The Digbeth Street facade comprises Nos. 39 and 40 with an archway between them. The shop fronts here have 20th-century plate glass windows flanked by piers clad in 20th-century mosaic. At first floor level the original decoration survives with a round-headed arch at centre, its spandrels containing panels of deeply-cut foliage with profile heads. At either side are paired windows with aedicular surrounds. Old photographs show that there was formerly an oriel and shaped gable above the archway at second floor level, but these have been removed and replaced with a 20th-century second floor of brown brick with metal windows.

The Lower Hall Lane frontage has a three-storey portion to the left with cambered-heads to the first and second floor windows. To the right is a two-storey portion with a Mansard roof containing a series of large roof lights, appearing to be a 20th-century alteration. The windows to this right-hand portion have moulded and painted surrounds.

Internally, the arcade has three arms forming an approximate T-shape. At the hub is an octagonal space carrying a glazed dome with coved sides and a flat boarded ceiling at its centre. To its south-east side is a generous segmental bow-window with stained glass inserts and pulvinated frieze, which lights the former assembly room. The arms entered from Digbeth Street and Bradford Street are both of two storeys and divided into bays by panelled pilasters extending to both floors and connecting to the cast iron roof trusses supporting the barrel-vaulted glass roof. At ground floor level the shop fronts are occasionally grouped in pairs so that the doors to two shops lead from a single lobby. In these cases the ground floor pilaster is replaced by a large moulded bracket projecting to support the first floor pilaster. The shop fronts have stall risers, moulded stall boards and plate glass windows with transom lights and fascias topped by a continuous cornice. At first floor level the paired office windows have painted moulded surrounds that are slightly shouldered, below which are aprons with shaped lower edges. Three of the shop fronts in the north-east arcade do not conform to this type and appear to have been remodelled in the 1960s. The arm extending south-east to connect with Lower Hall Lane is single-storey with a flat unglazed ceiling. The shop fronts here conform to the pattern seen elsewhere.
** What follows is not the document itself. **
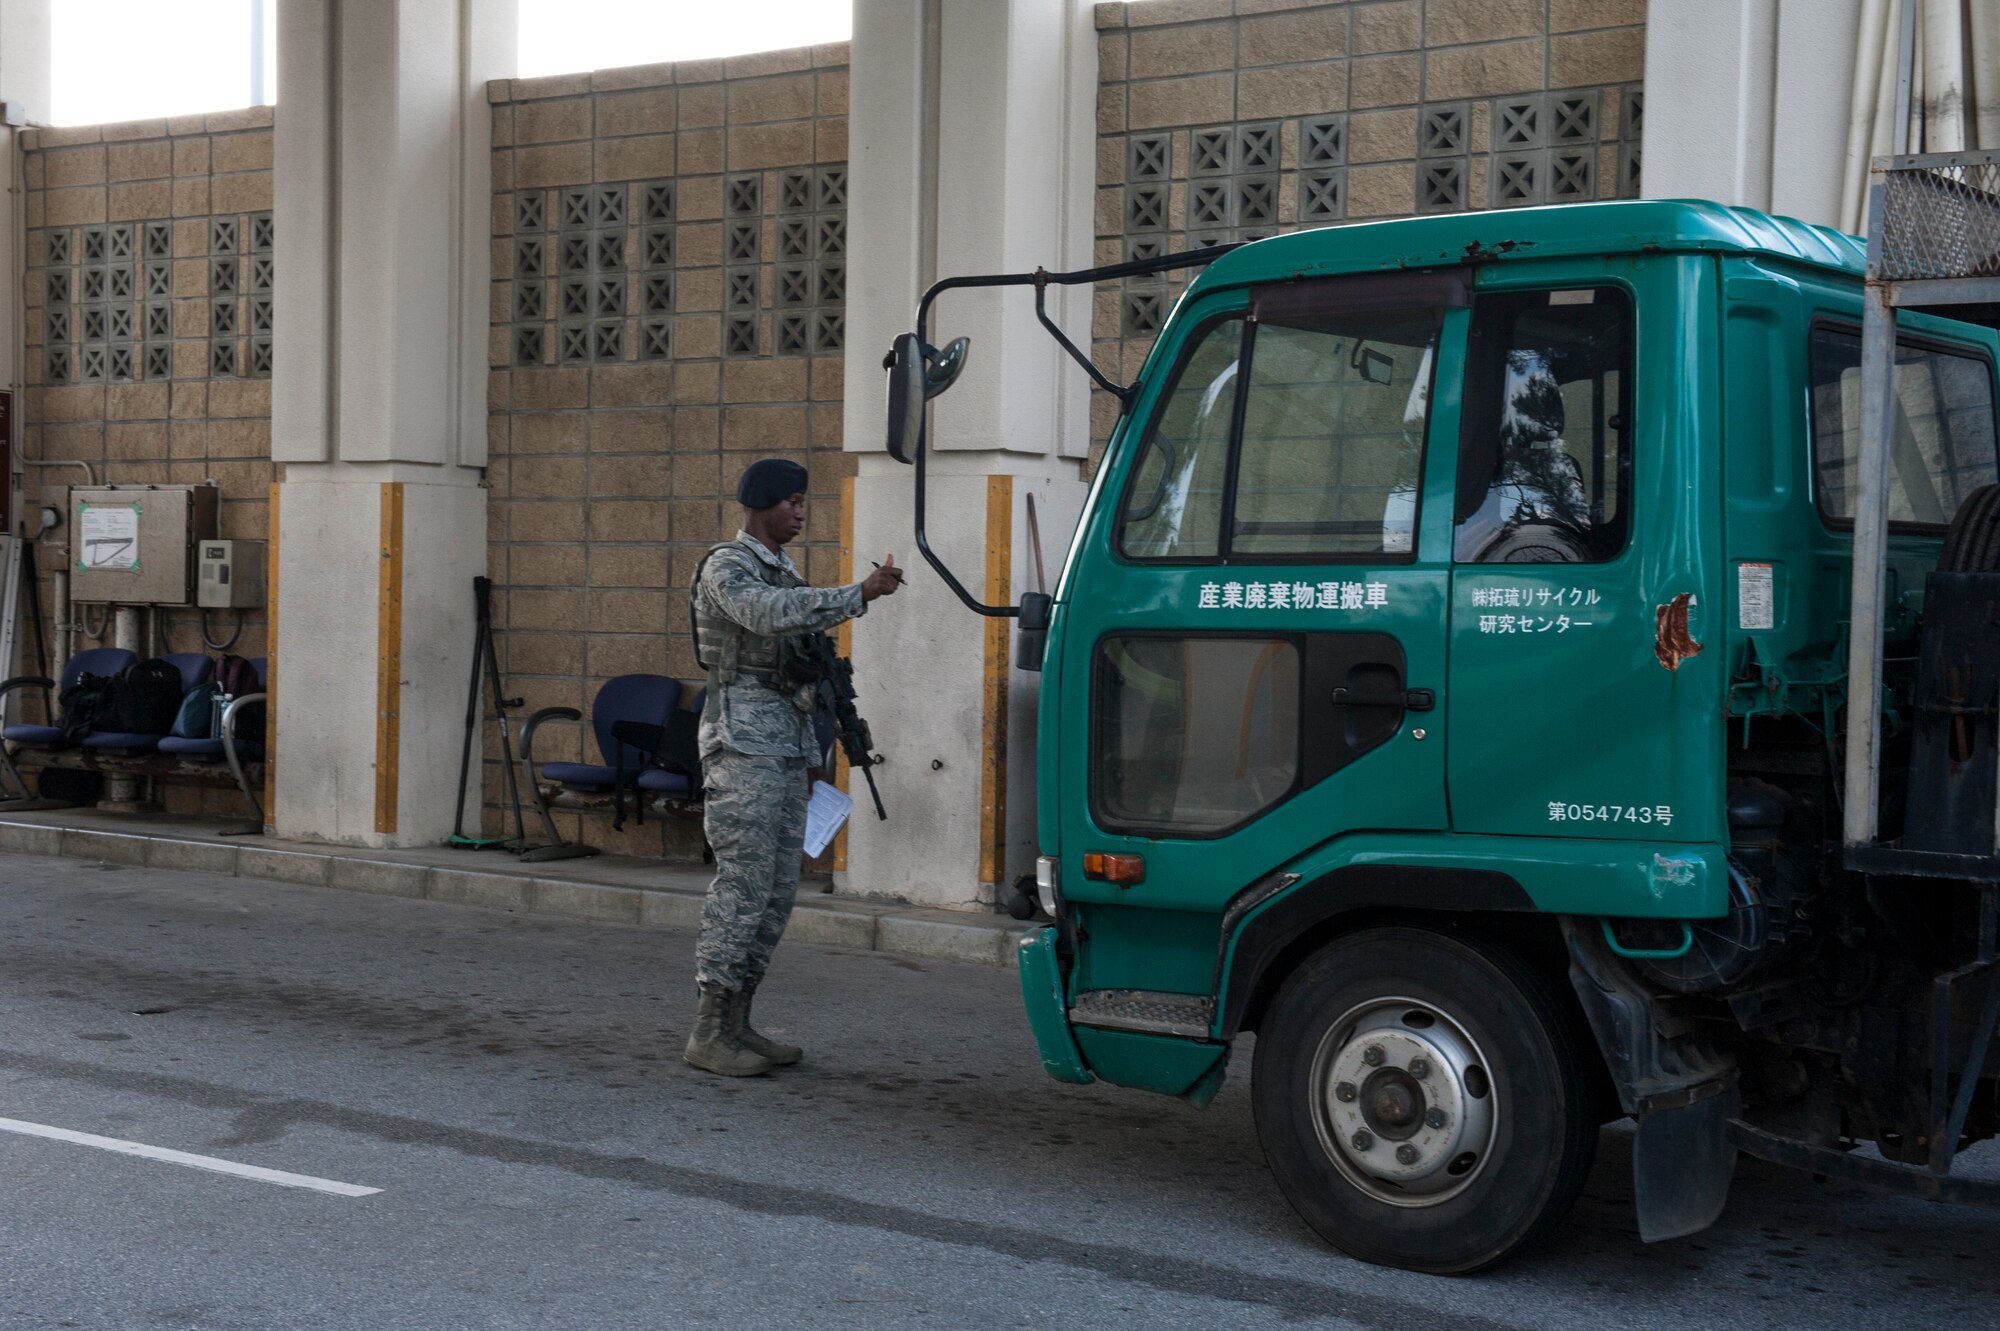 U.S. Air Force Airman 1st Class Alvin Stewart, 18th Security Forces Squadron response force member, directs a truck to a search pit at Kadena Air Base, Japan, Nov. 10, 2015. The SFS opened an extra lane for commercial trucks to enter and be searched in order to decrease traffic congestion on Highway 58. (U.S. Air Force photo by Airman 1st Class Lynette M. Rolen)

The arcade stands on the site of the medieval shambles, which had become a meat market and timber yard. It was redeveloped in 1895-7 by architect Jonathon Ellis as a shopping arcade with chambers and assembly room for Edward Thomas Holden, who also built a Temperance Hotel on the opposite side of Digbeth Street at the same time. The building was restored approximately ten years ago with repair of the glazed barrel-vaulted roof and some of the shop fronts. The building was formerly known as Digbeth Arcade but has recently been renamed Victorian Arcade.

The designation includes all premises at first and second floor level above Nos. 59, 61 and 66 Lower Hall Lane, 39 and 40 Digbeth Street and 2 to 9 Bradford Street, but excludes the premises at second floor level above Nos. 39 and 40 Digbeth Street and above the entrance archway between them.